Winters fietsen in Kirgizie
Om 7 uur staat de wekker, maar we zijn beiden een kwartier eerder wakker. Het liefst zouden we ons nog een keer omdraaien, maar we zullen onze tijd vandaag nodig hebben. Afgelopen avond is het toch weer later geworden dan we hadden gehoopt, maar ’t was wel super gezellig. Wij hadden aangeboden om voor het eten te zorgen, maar wilden eerst nog even langs Freek. Freek kreeg namelijk mensen uit Haarlem op bezoek die bereid waren wat spullen van ons mee terug te nemen (ca 3 kg). Ook mochten we Freek zijn thermosfles hebben, wat de komende, koude dagen erg fijn zal zijn.
We maakten een ‘Gut und gunstig’-maaltijd (geïmporteerd huismerk van Oshmarkt 🙂 ): ovenpatat en pizza. Becca had een heerlijke cake gemaakt en wij hadden wat kleine cadeautjes voor haar. Ze vond het erg attent en was aangedaan.
’s Morgens was iedereen voor ons om acht uur opgestaan. We hadden intussen onze fietsen al bepakt en na een bord pap namen we afscheid. Buiten nam iedereen nog wat foto’s en toen gingen we echt op weg. Het voelde als een nieuwe fietsreis.
Na 500 meter halen we snel nog wat brood en fietsen de eerste 13 km dezelfde route als onze infietsroute. De hele route hebben we natuurlijk al gezien met Freek, maar op de fiets beleef je hem uiteindelijk toch intenser. We merken duidelijk dat we drie weken niet gefietst hebben. De spieren hebben het moeilijk. Het is half bewolkt en geregeld komt het zonnetje door. Aan de gebaren van sommige mensen te zien verklaren ze ons voor gek. Gelukkig denken kinderen daar niet over na en zwaaien ze uitbundig. Voor ons lastig omdat onze handen in onze pogies zitten. Maar iets koudere handen hebben we er graag voor over om terug te zwaaien. De laarzen bevallen prima, voor mij hadden ze echter toch nog iets warmer mogen zijn. De kilometers en hoogtemeters stijgen langzaam maar gestaag.

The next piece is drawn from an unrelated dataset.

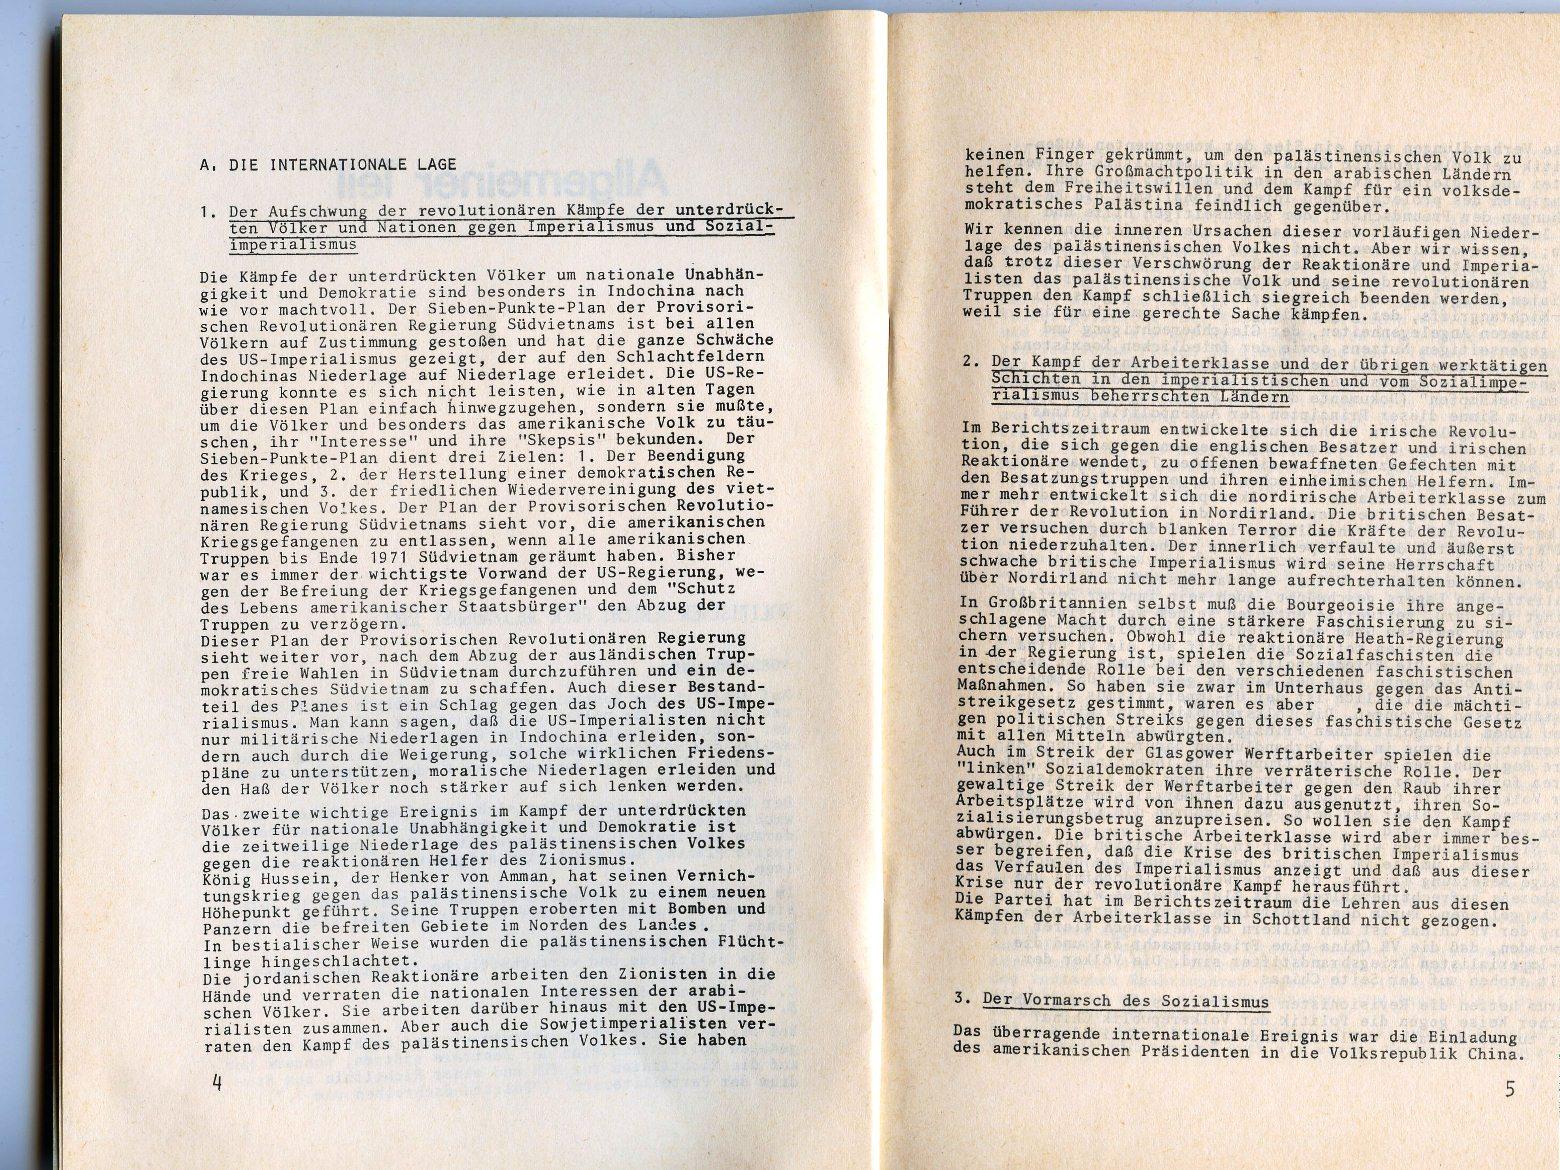 ZB_Parteiarbeiter_1971_07_04

Het meeste ijs en sneeuw is de afgelopen dagen gesmolten. Af en toe is het verraderlijk glad. Geregeld fietsen we op de linker weghelft en gebaren we auto’s op de rechter weghelft om ons maar rechts in te halen.
De laatste zeven kilometer naar de top zijn zwaar. De weg is net wat steiler en mijn energie is intussen bijna op.
Angela krijgt nog een duwtje van een wegwerker.
Vlak voor de top ga ik bijna onderuit omdat ik een foto wil maken. Mijn rechterbeen heeft kramp en ik kan hem daarom niet neerzetten. Uiteindelijk maak ik een rondje op de weg en haal ongeschonden de top.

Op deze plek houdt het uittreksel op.